**INFORMATION PROVIDED**

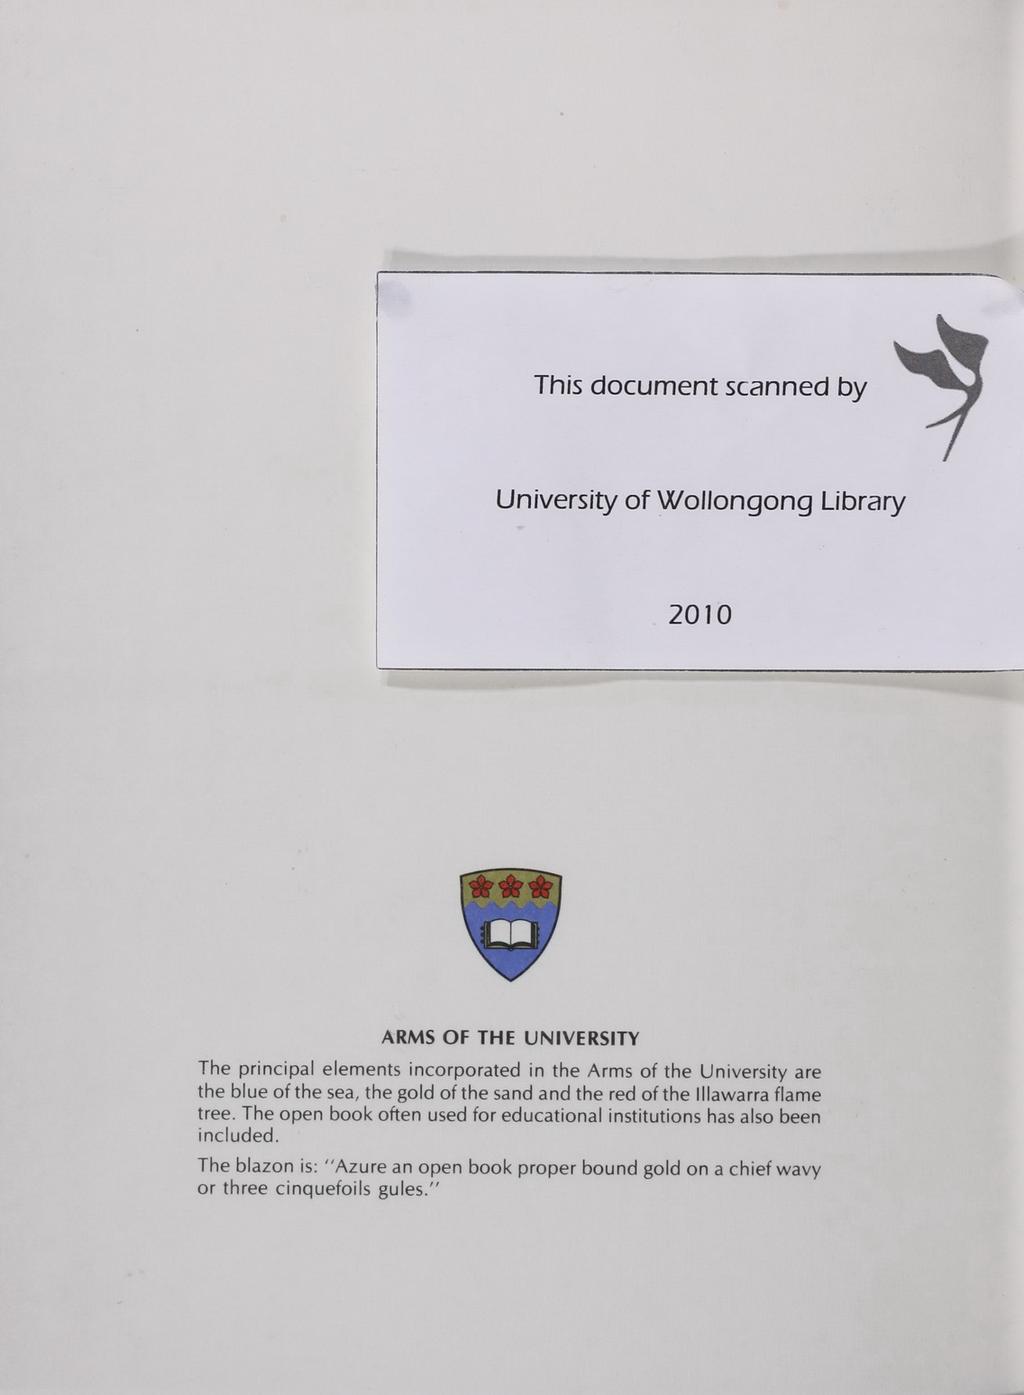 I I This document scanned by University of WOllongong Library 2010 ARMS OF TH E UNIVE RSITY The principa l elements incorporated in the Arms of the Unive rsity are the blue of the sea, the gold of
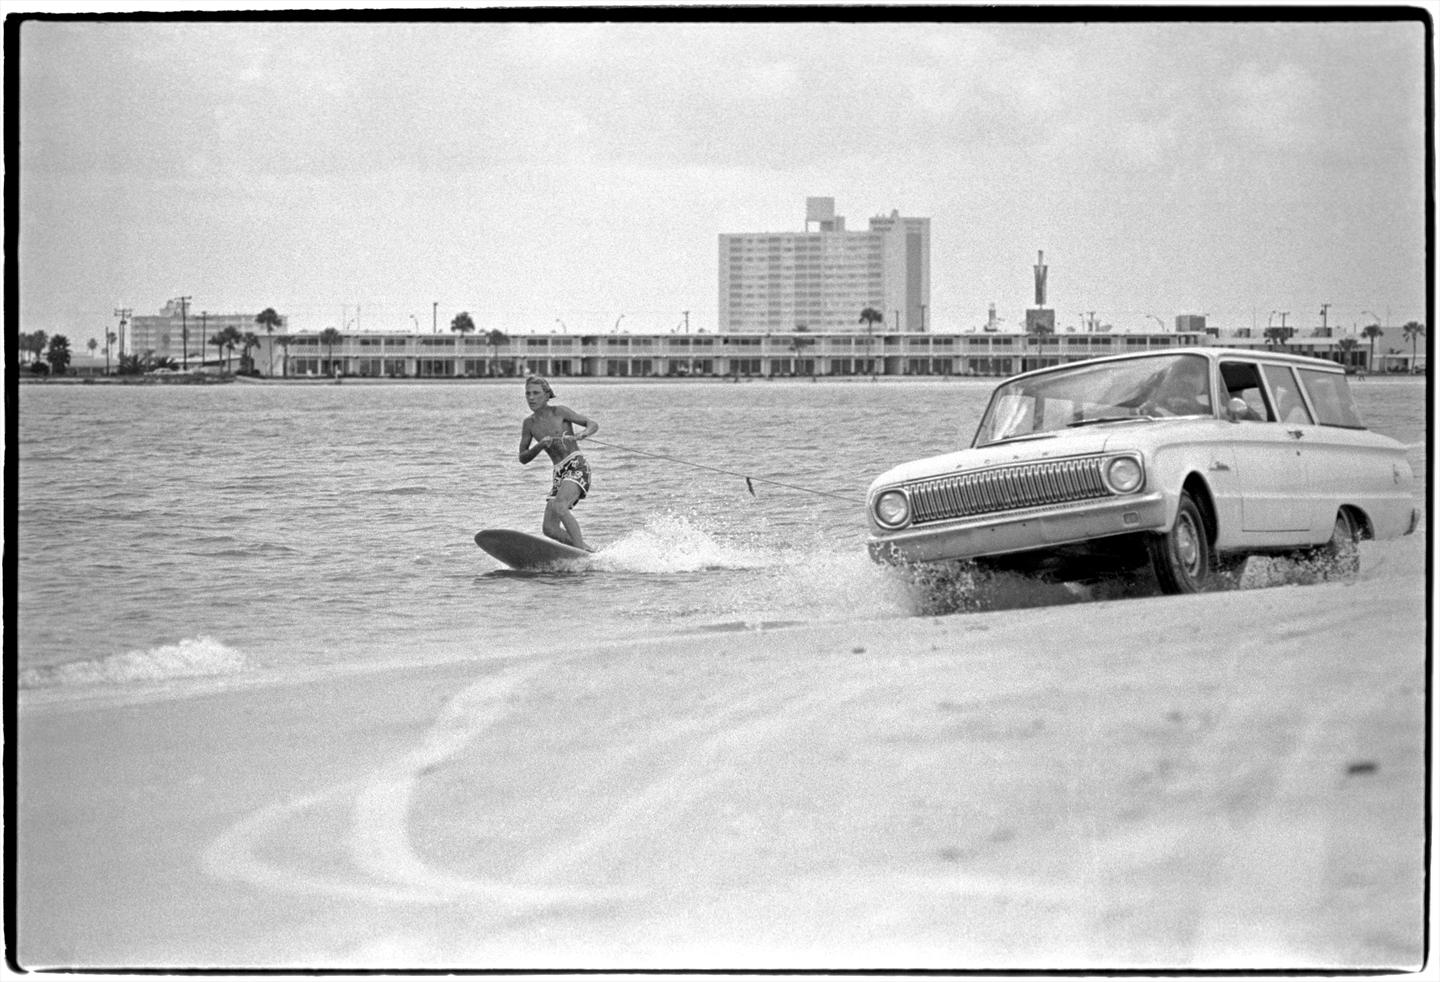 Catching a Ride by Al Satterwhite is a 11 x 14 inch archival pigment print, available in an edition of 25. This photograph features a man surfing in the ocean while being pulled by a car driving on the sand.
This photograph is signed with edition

**TASK PROMPT**
Pictures do not belong in the copy. Repeat exactly each line from the one with "Catching a Ride" through the end of the listing.

**RESPONSE FOR THIS EXERCISE**
 Catching a Ride by Al Satterwhite is a 11 x 14 inch archival pigment print, available in an edition of 25. This photograph features a man surfing in the ocean while being pulled by a car driving on the sand.
This photograph is signed with edition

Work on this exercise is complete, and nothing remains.